Supplied material:
• • • • • • •

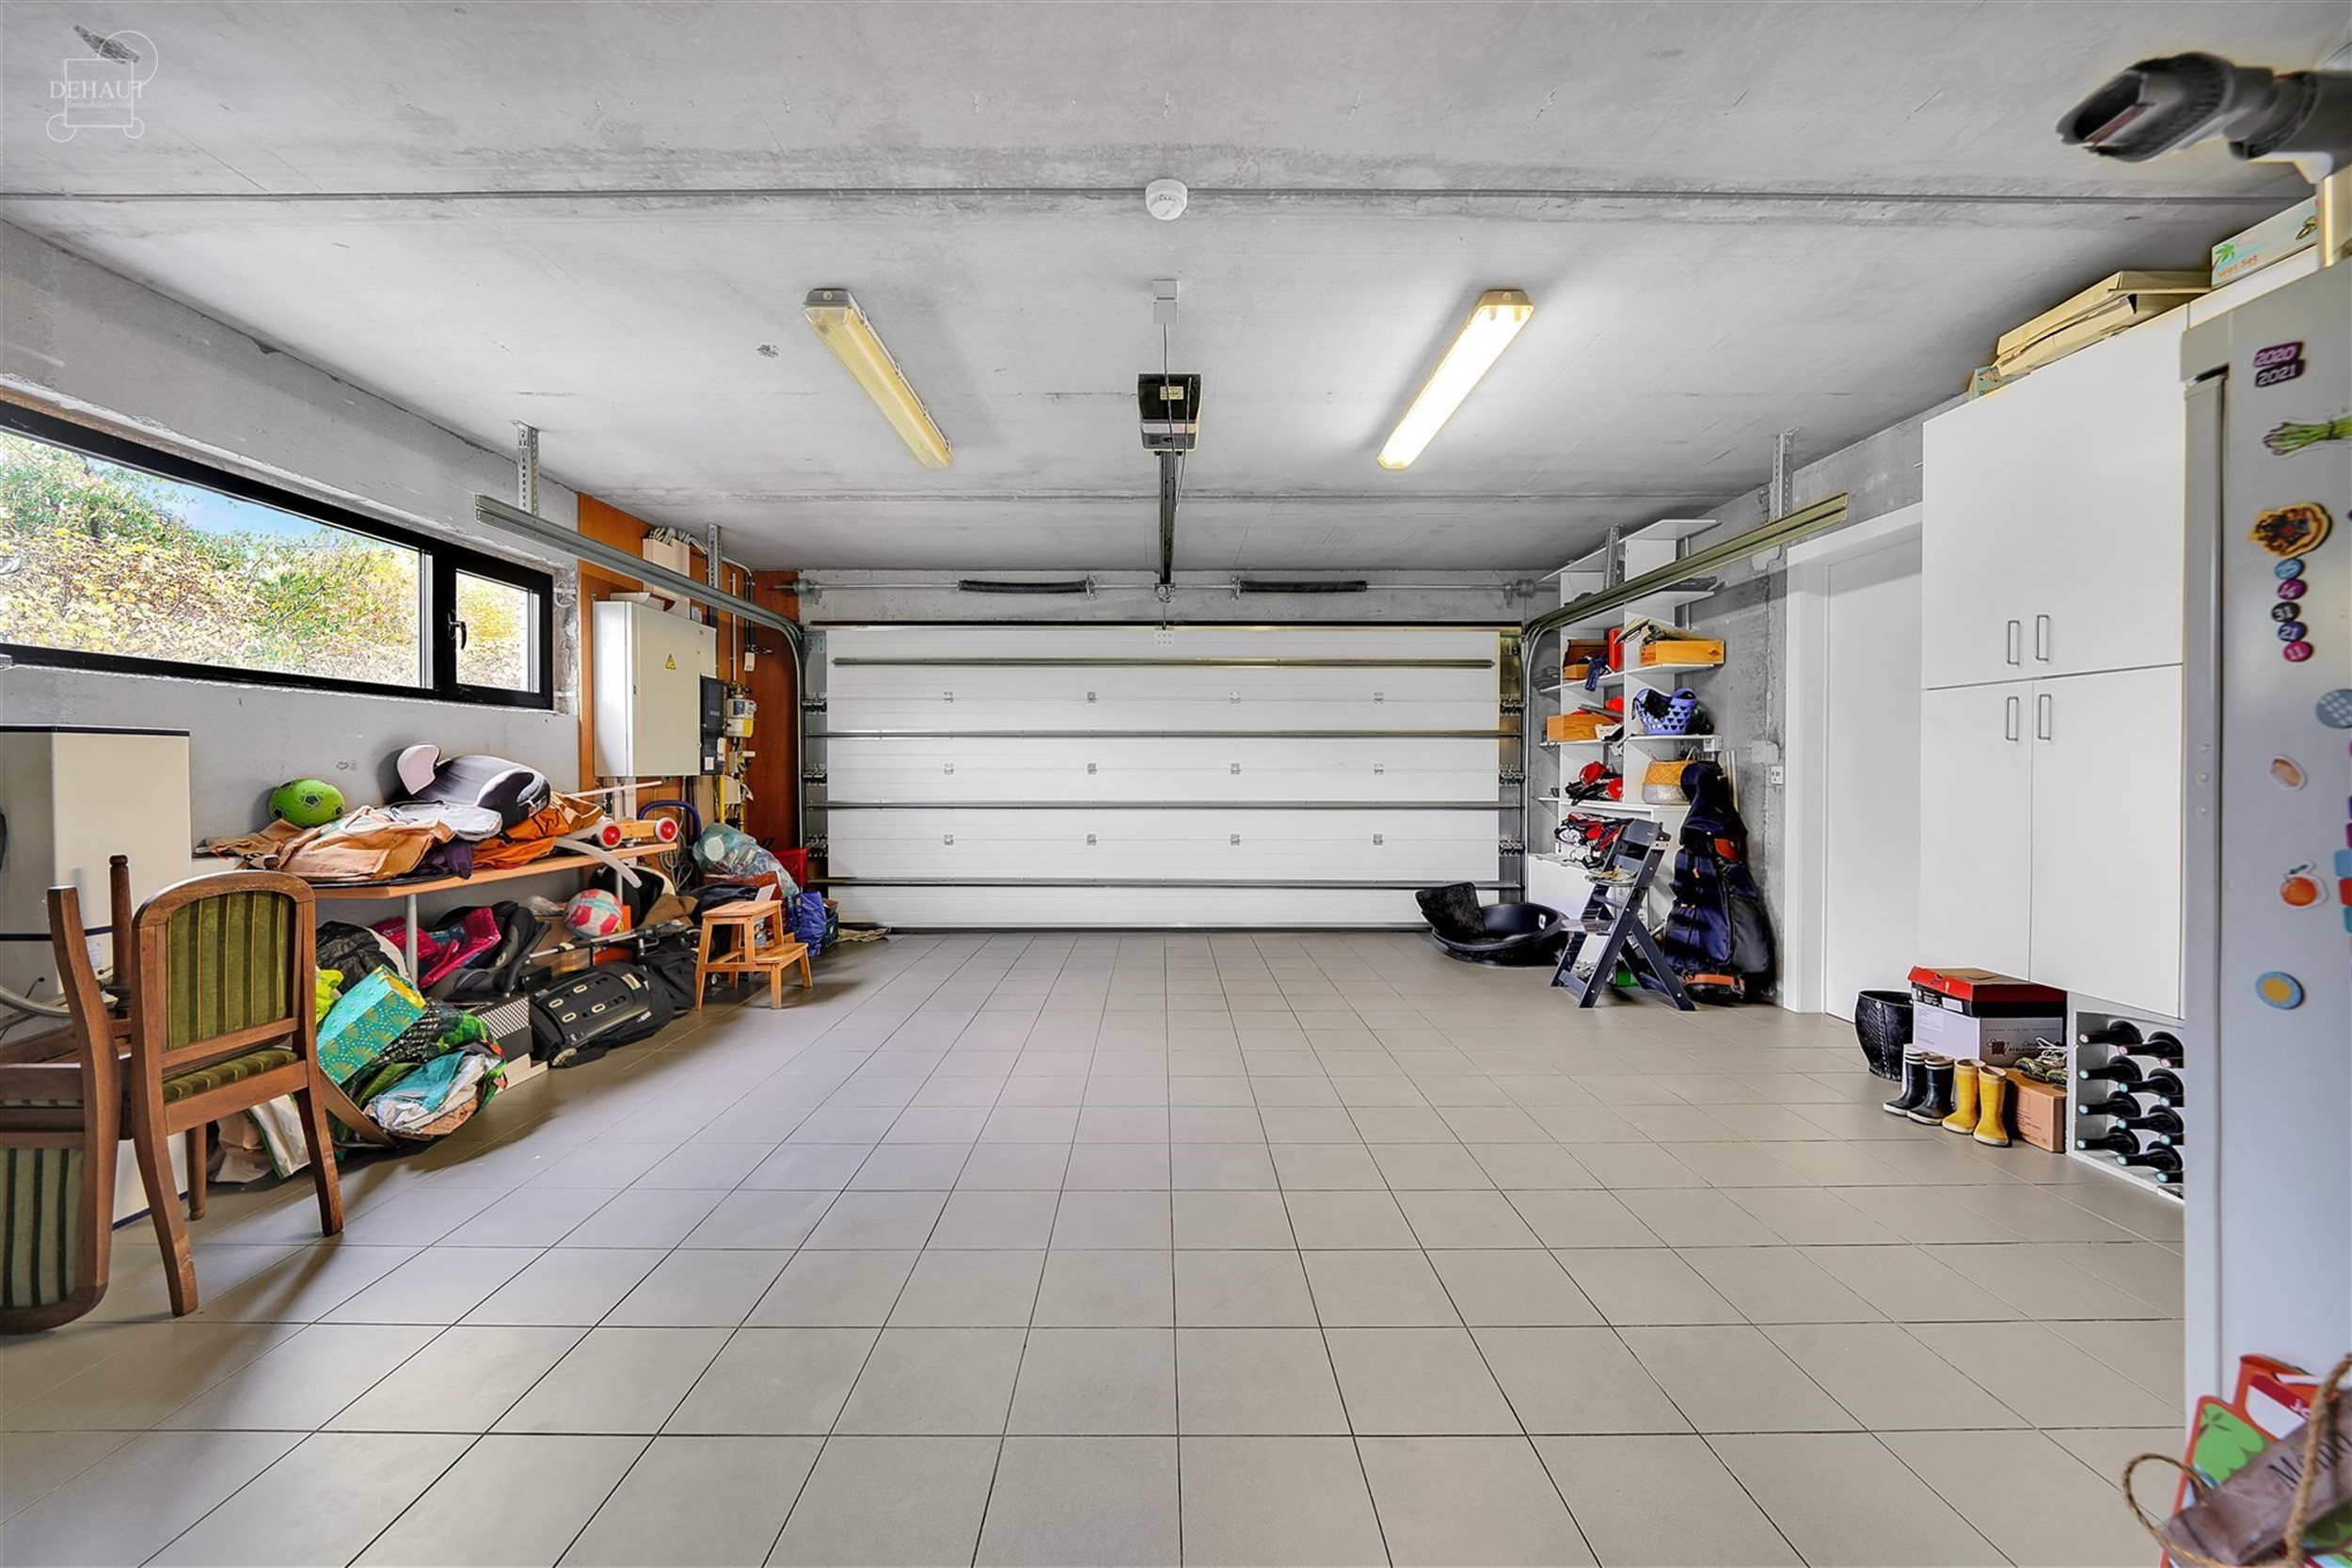 Magnifique maison individuelle avec garage et parking privé érigée sur une parcelle de terrain d'env. 1.355m².
Se compose au rez-de-chaussée d'u...
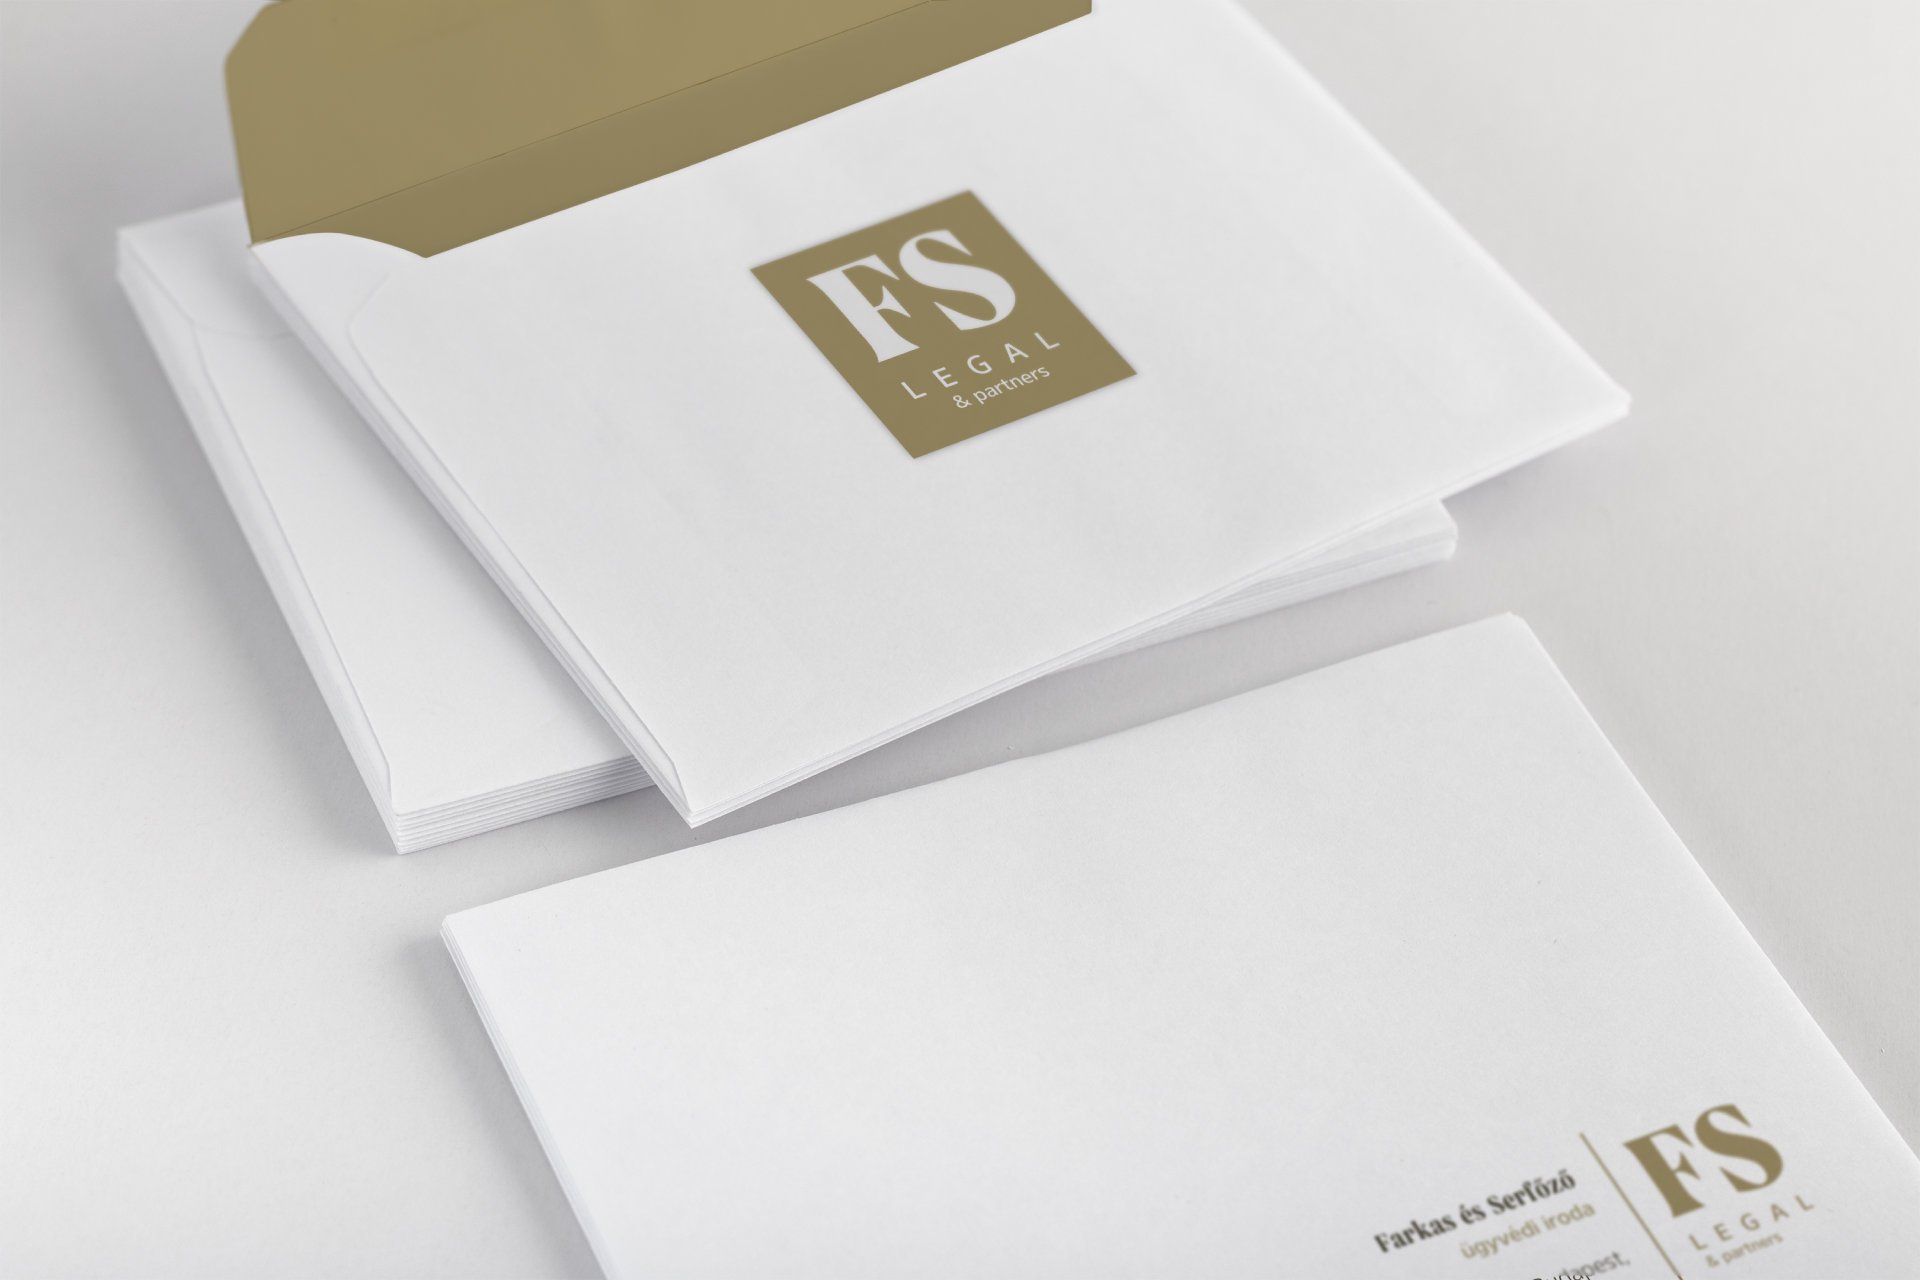 FS Legal branding envelope design
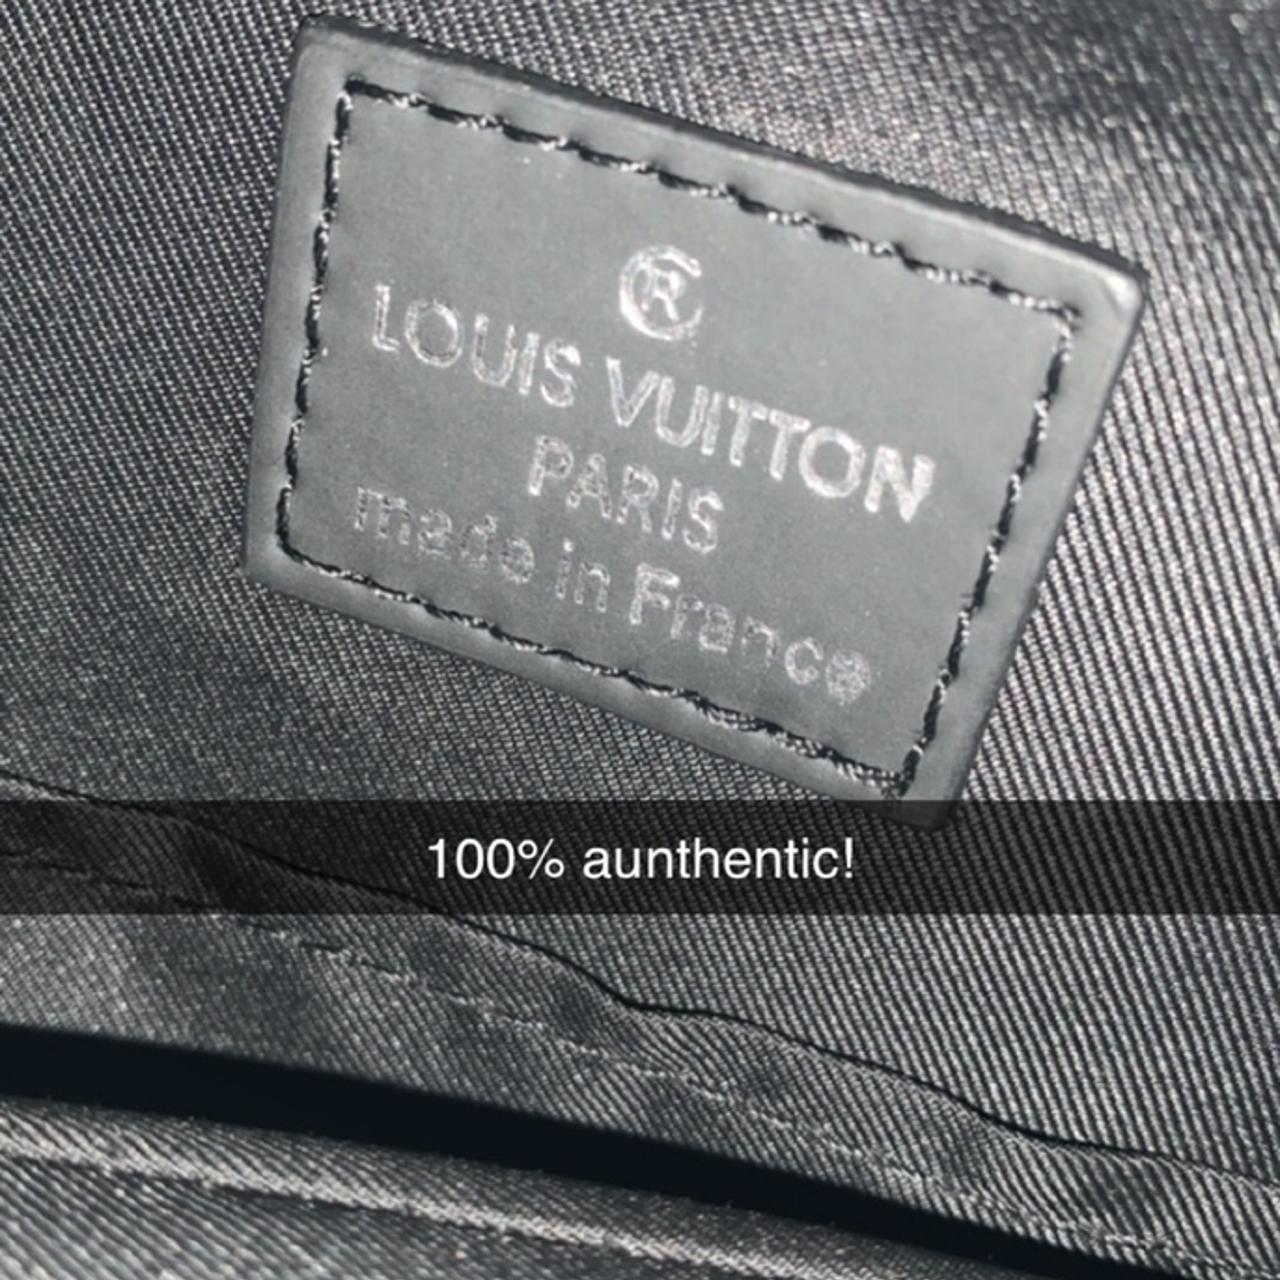 Louis Vuitton Sling Bag🗣 - AUTHENTIC - Great - Depop

• • • • • • •

Restate every line of the listing exactly. Pictures are not part of the copy.

Task output:
 Magnifique maison individuelle avec garage et parking privé érigée sur une parcelle de terrain d'env. 1.355m².
Se compose au rez-de-chaussée d'u...
 FS Legal branding envelope design
 Louis Vuitton Sling Bag🗣 - AUTHENTIC - Great - Depop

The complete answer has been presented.